YOUR TASK | The material below is to be copied exactly from the line with "Сыпь и раздражение" up to and including the line with "Uberlegen Wohnwand New", with nothing else kept and no pictures.
── PROVIDED MATERIAL
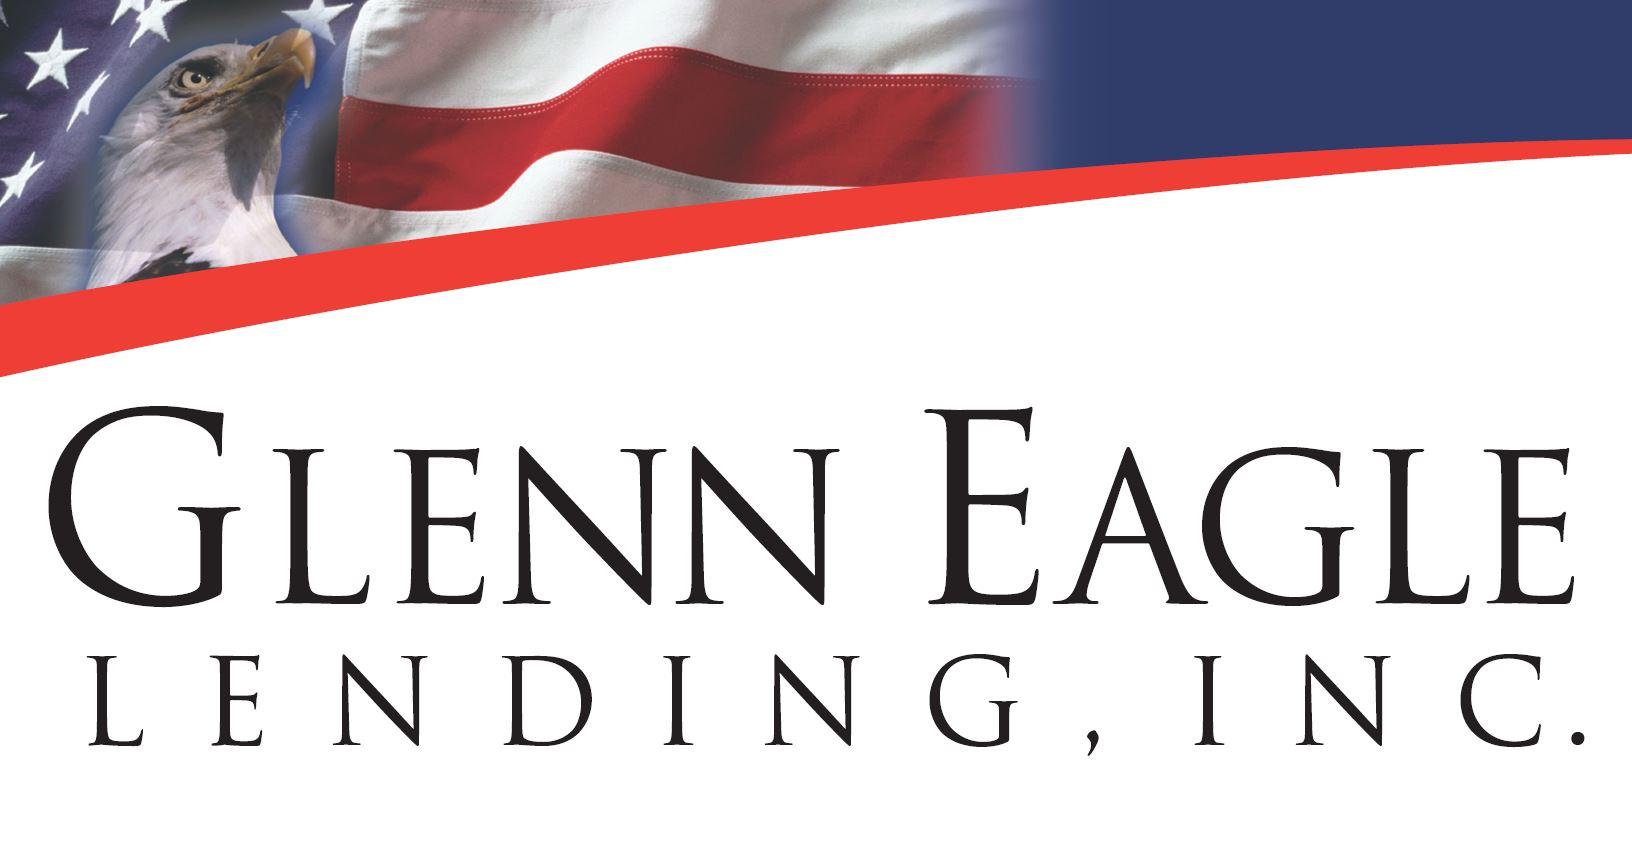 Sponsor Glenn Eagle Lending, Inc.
────
── PROVIDED MATERIAL
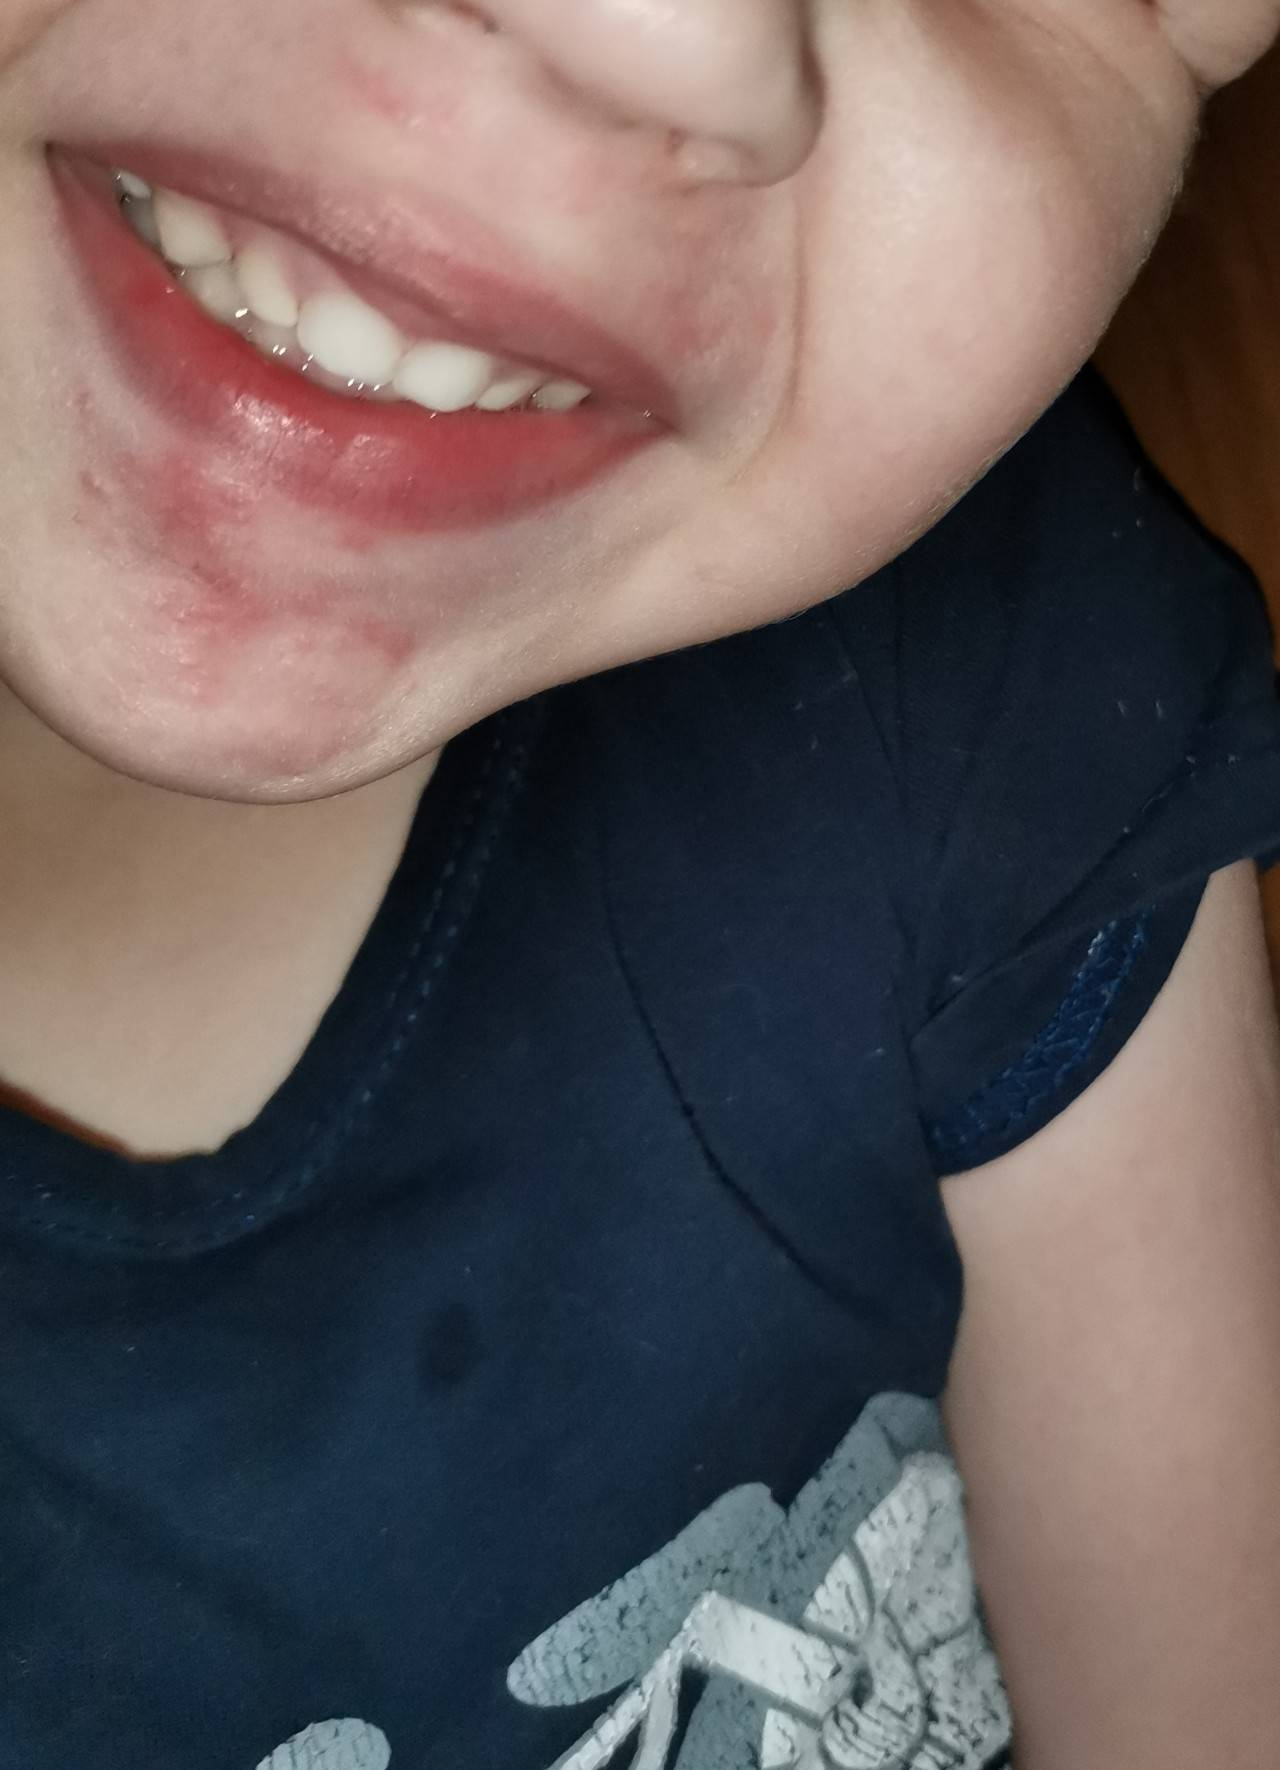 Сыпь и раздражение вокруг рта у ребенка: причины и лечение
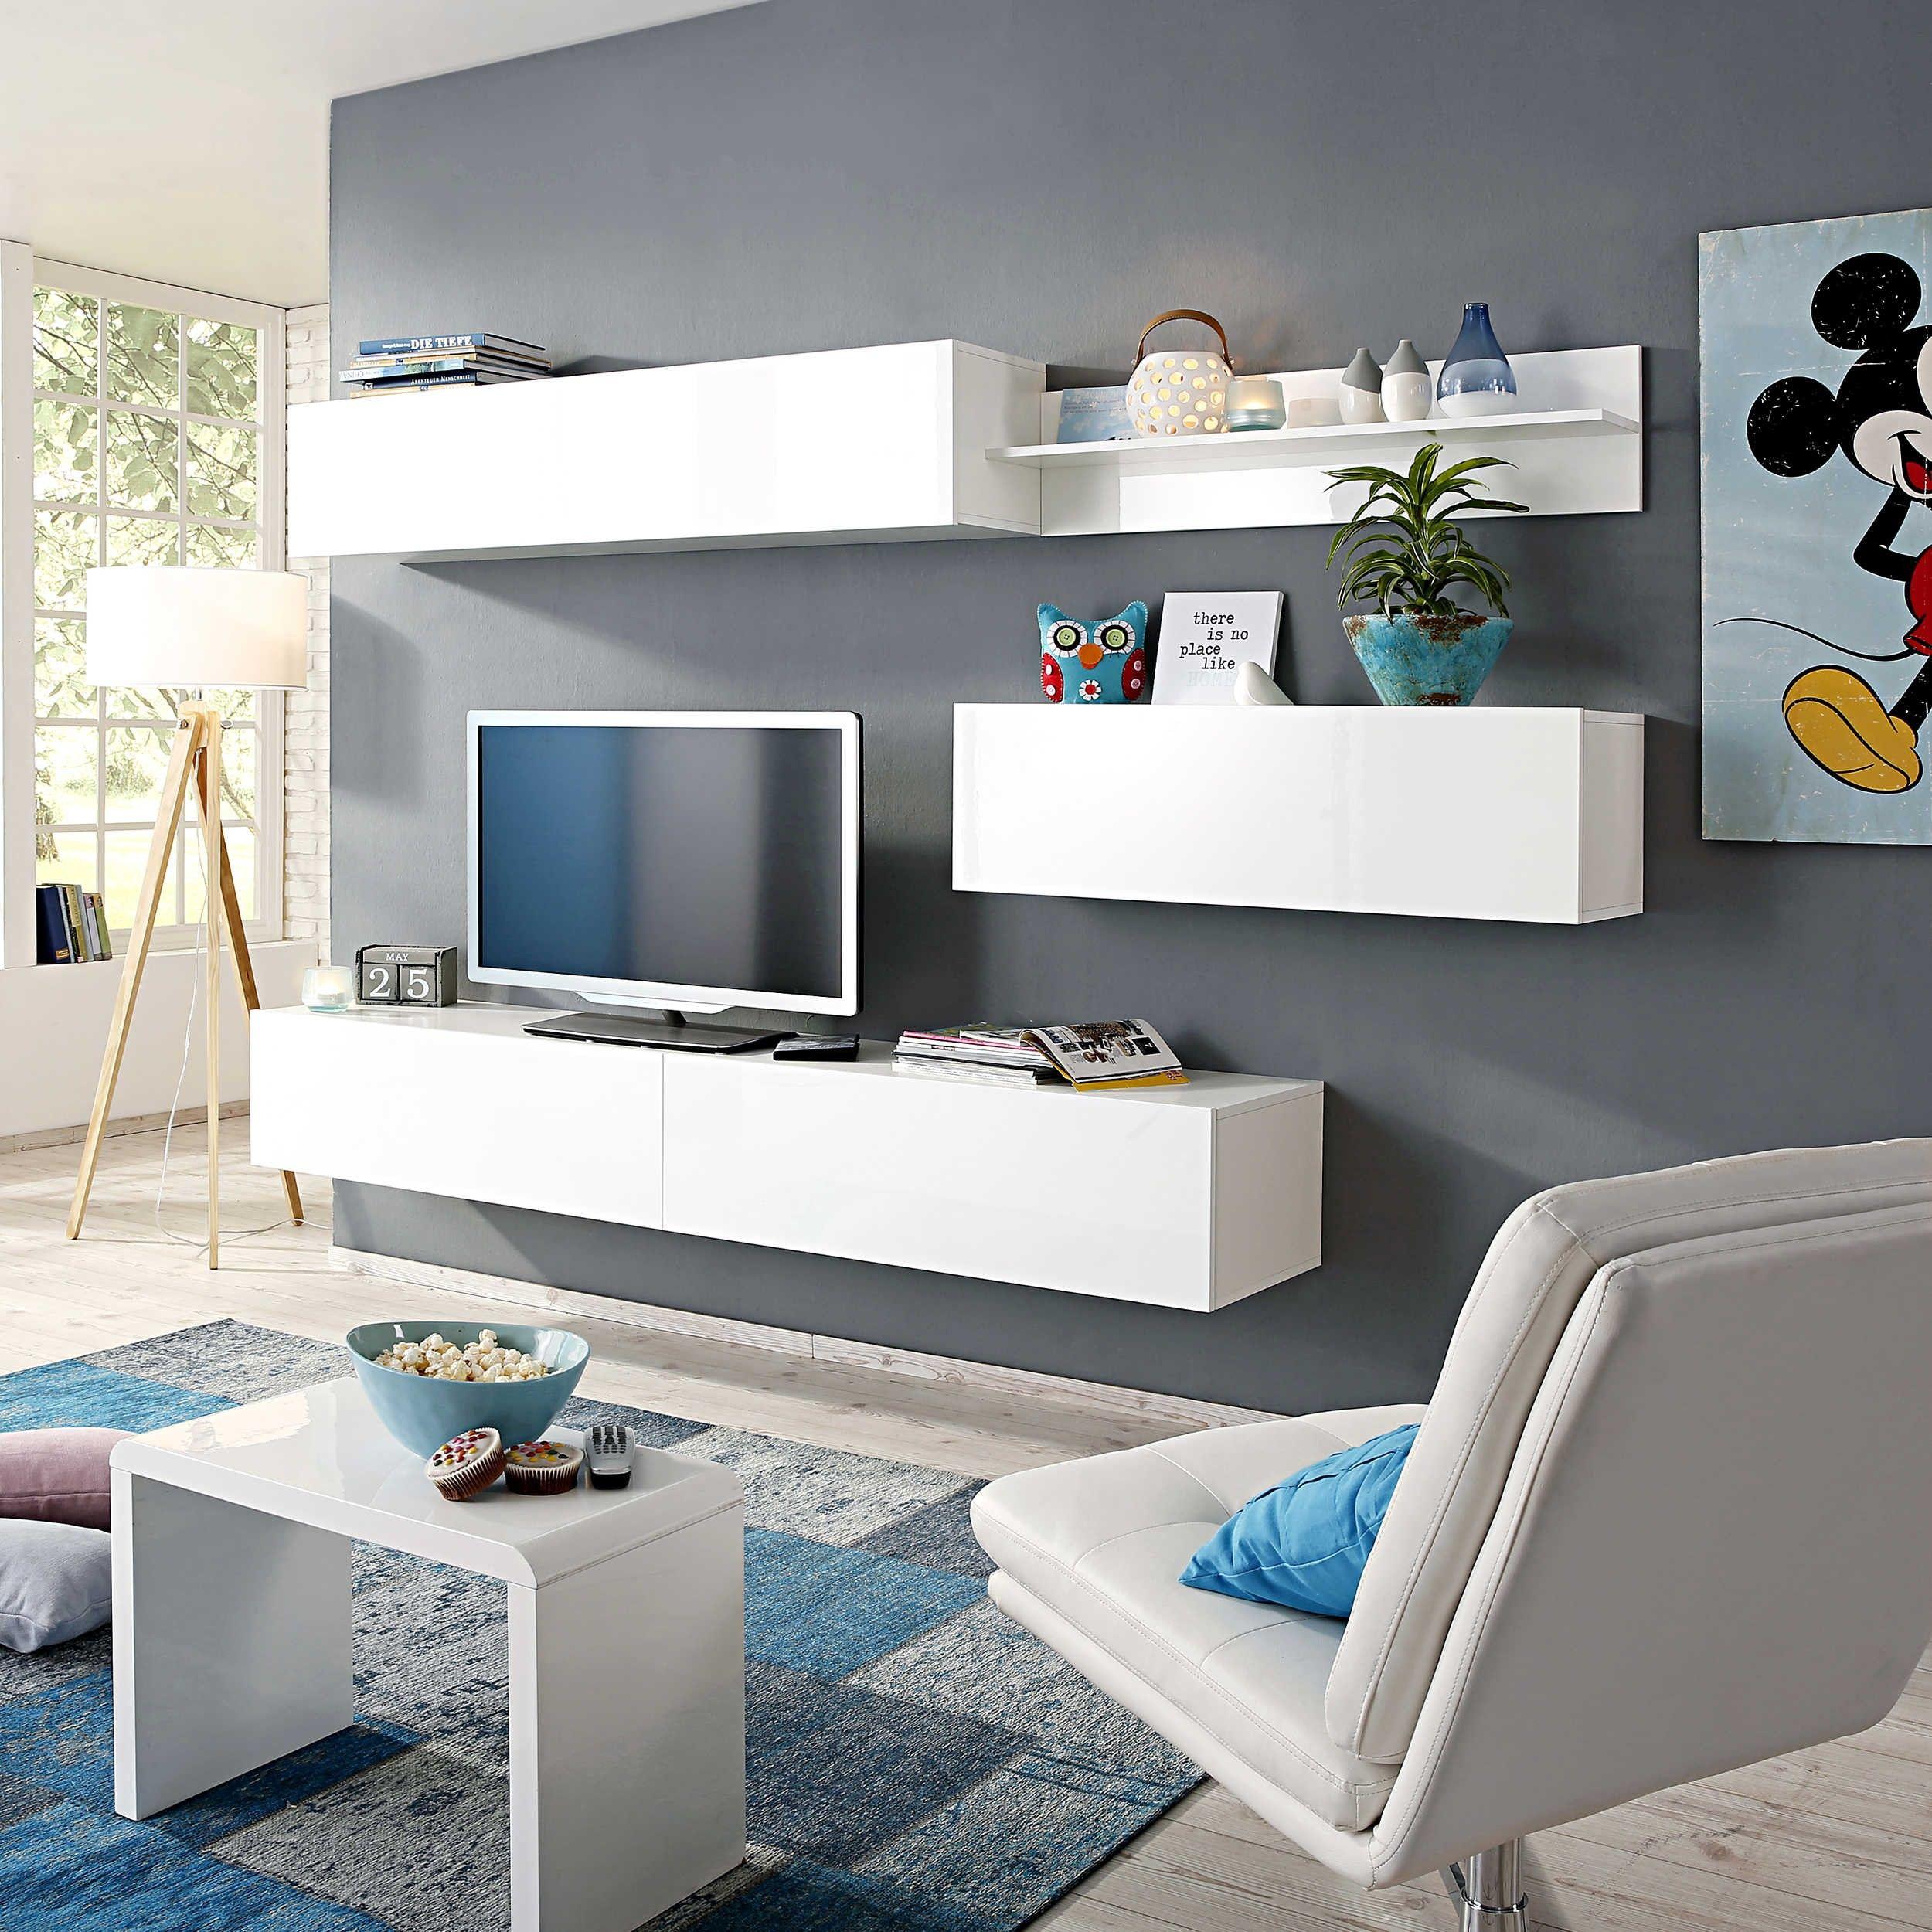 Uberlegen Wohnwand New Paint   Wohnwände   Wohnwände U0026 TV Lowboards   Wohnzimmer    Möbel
────
FINAL ANSWER |
 Сыпь и раздражение вокруг рта у ребенка: причины и лечение
 Uberlegen Wohnwand New Paint   Wohnwände   Wohnwände U0026 TV Lowboards   Wohnzimmer    Möbel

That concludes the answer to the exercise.